I spent time as a naval attaché in Washington DC with my family and that was a really good learning experience. I did an attachment with the Australian Navy and attachments with the Royal Navy. All of these experiences helped to round me.
But I’m a bit of a people person. A lot of people think that my best job ever was as Logistics Commander (Maritime), but if I had to pick one job it would have to be when I was running HR for the Navy.
The Navy and Babcock are people businesses. If you don’t understand people and you don’t want to engage with people then you’re in the wrong business. Sailors are at the heart of the Navy, so leading that people function was a genuine honour.
But every job I’m in is the best job… and there are too many highlights. I wouldn’t have stayed for 35 years if I wasn’t enjoying what I was doing.
ND: Which skills and experiences do you see as the most portable into the private sector?
MW: My last three jobs as a Captain in the Navy was running engineering, running strategy, and running the HR/people function. Those are key skills that would be relevant anywhere. But I learned along the way that no matter what job you’re in, as long as you know what you’re trying to achieve, you know what resources you actually have, and you understand the barriers to success, then once you’ve read into that role you can actually run it. I’m taking this philosophy into my new role.

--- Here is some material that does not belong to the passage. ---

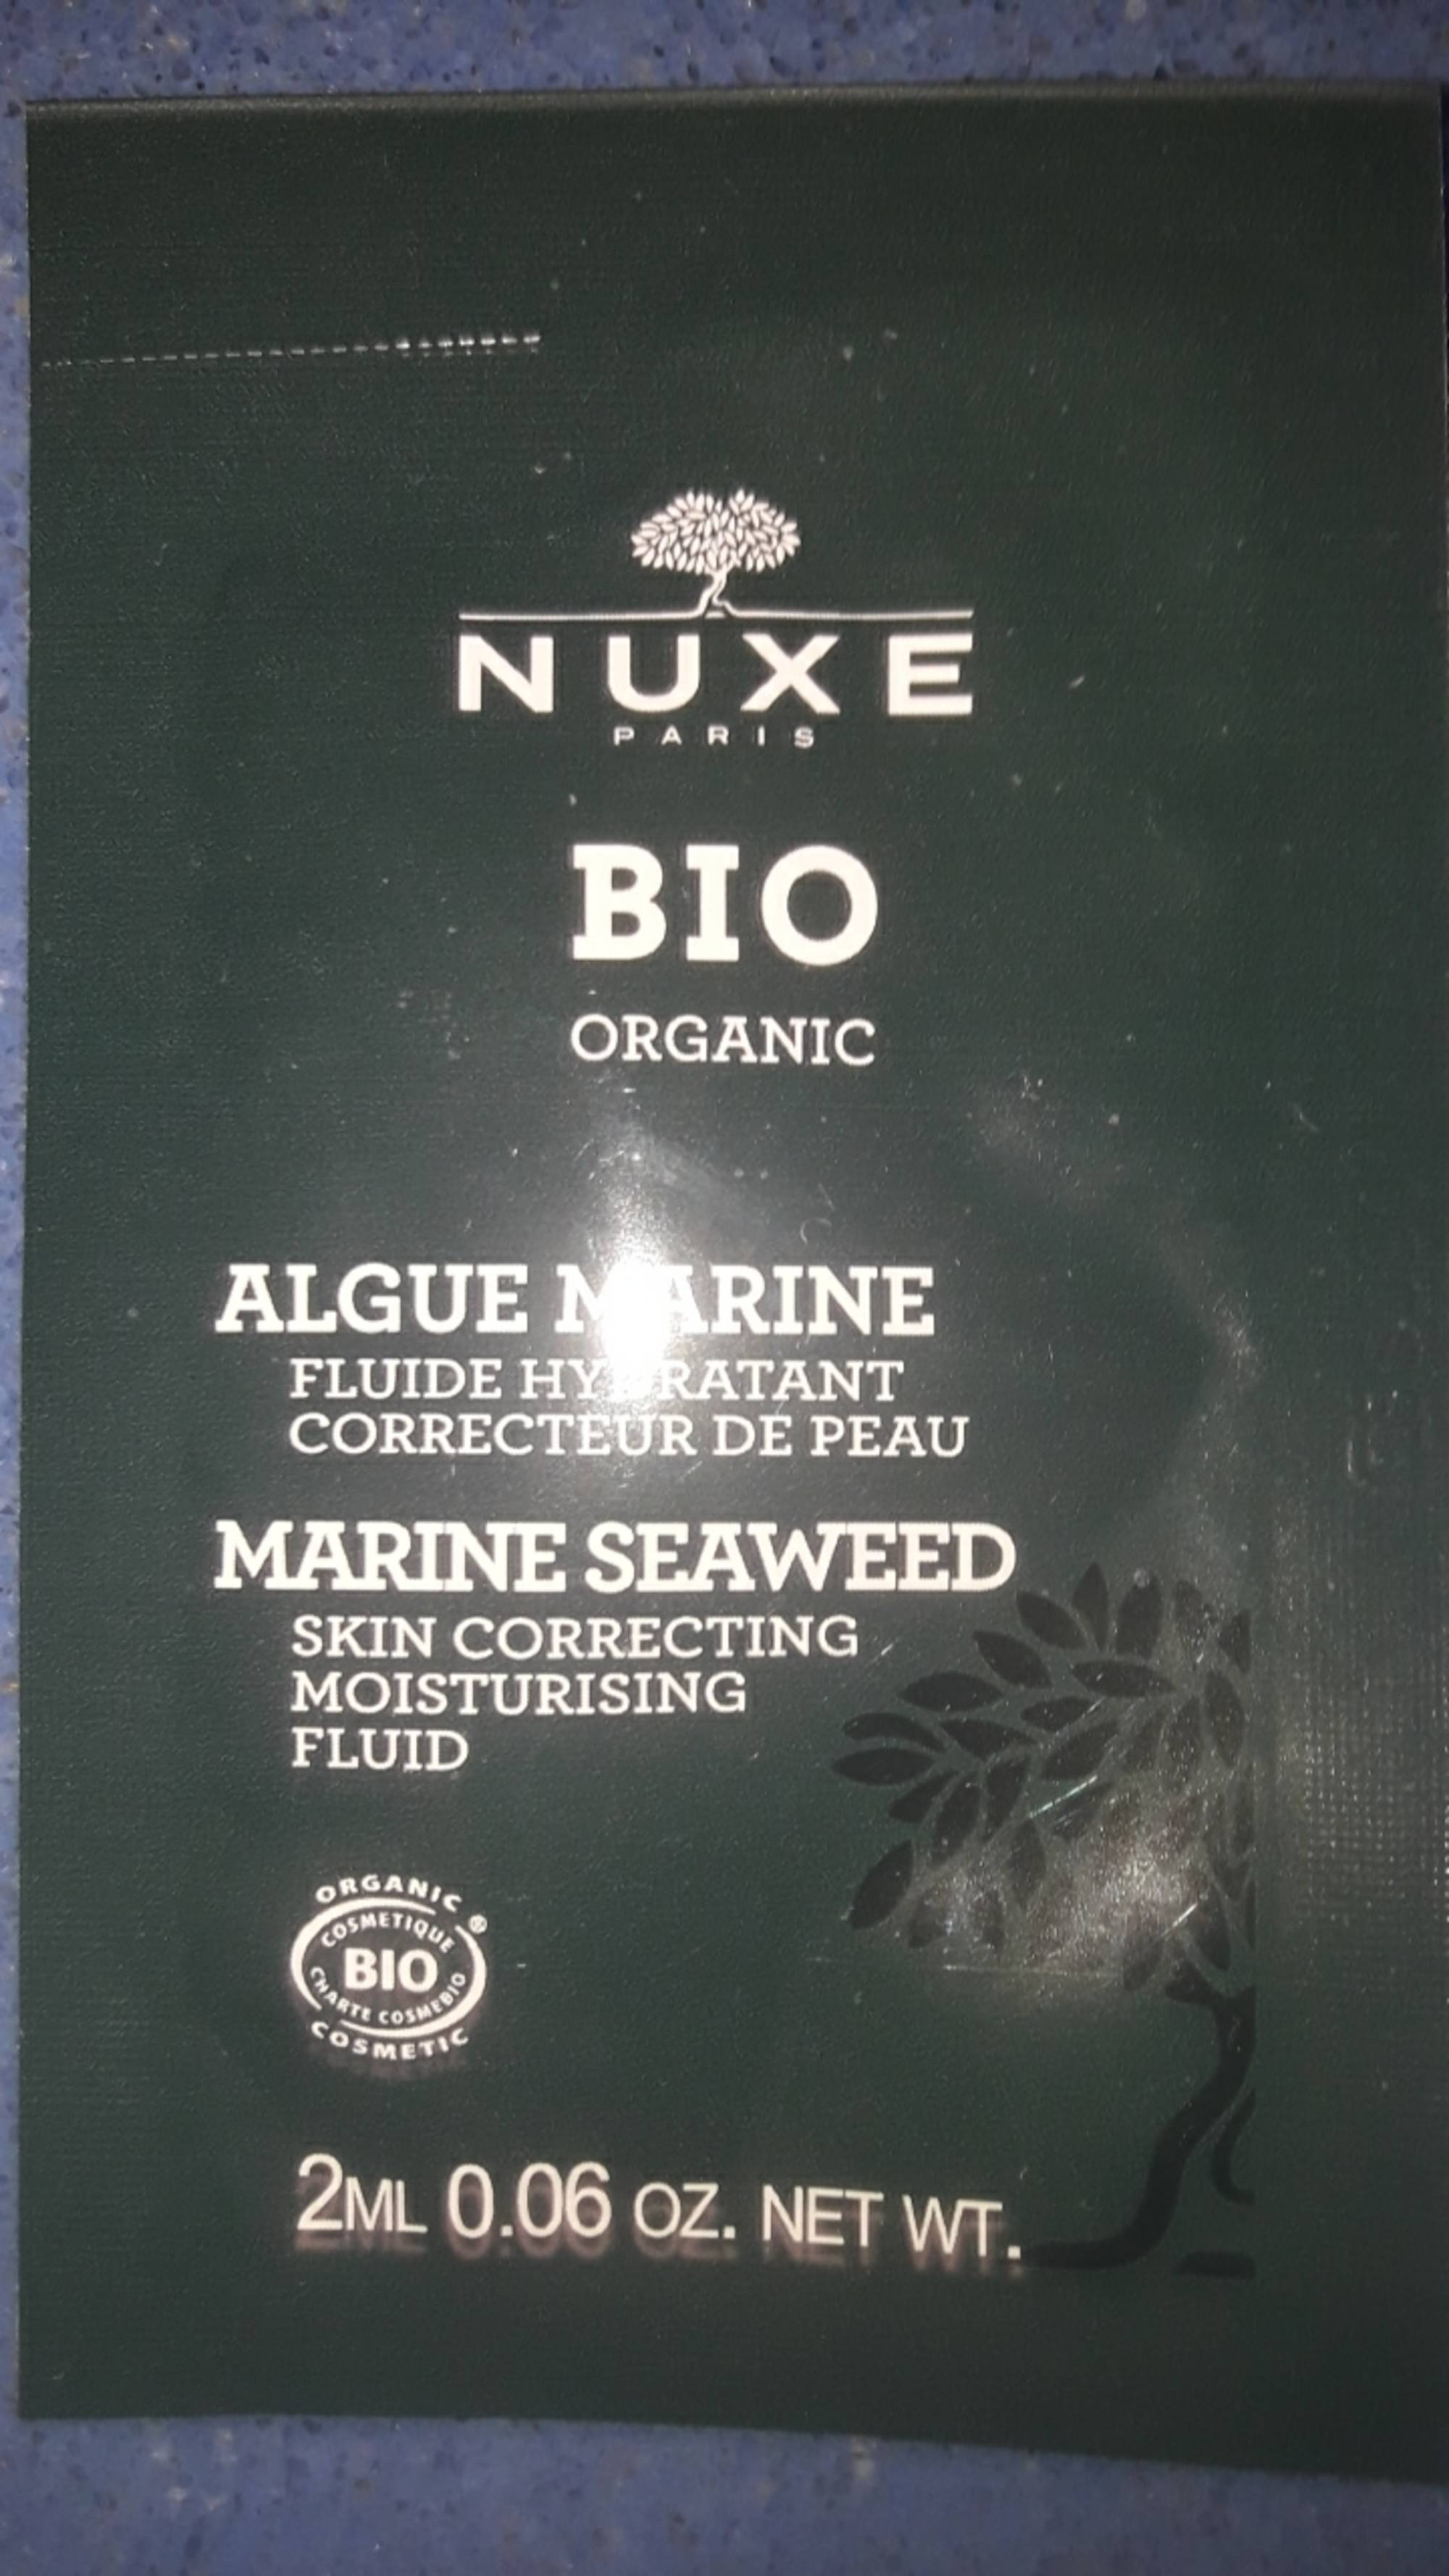 NUXE - Algue marine - Fluide hydratant correcteur de peau

My transition was relatively easy because I understood what was important to me. I like people, I like engineering, and I like the Navy. Coming to work in an organisation that is basically the largest maritime engineering entity in the country, and part of a global company that understand people, resonated with me and aligned with my principles. What gets me up each morning is making sure that my principles aren’t challenged and that I’m achieving something.
Babcock offers that, and I’m sure that everyone who wants to transition will find exactly the same thing if they understand what it is: don’t leap to the first thing but leap to the thing that’s important to you. I wish anyone going through that thought process good luck, and to those who have transitioned I hope that they’ve got what they wanted and that they continue to enjoy what they do.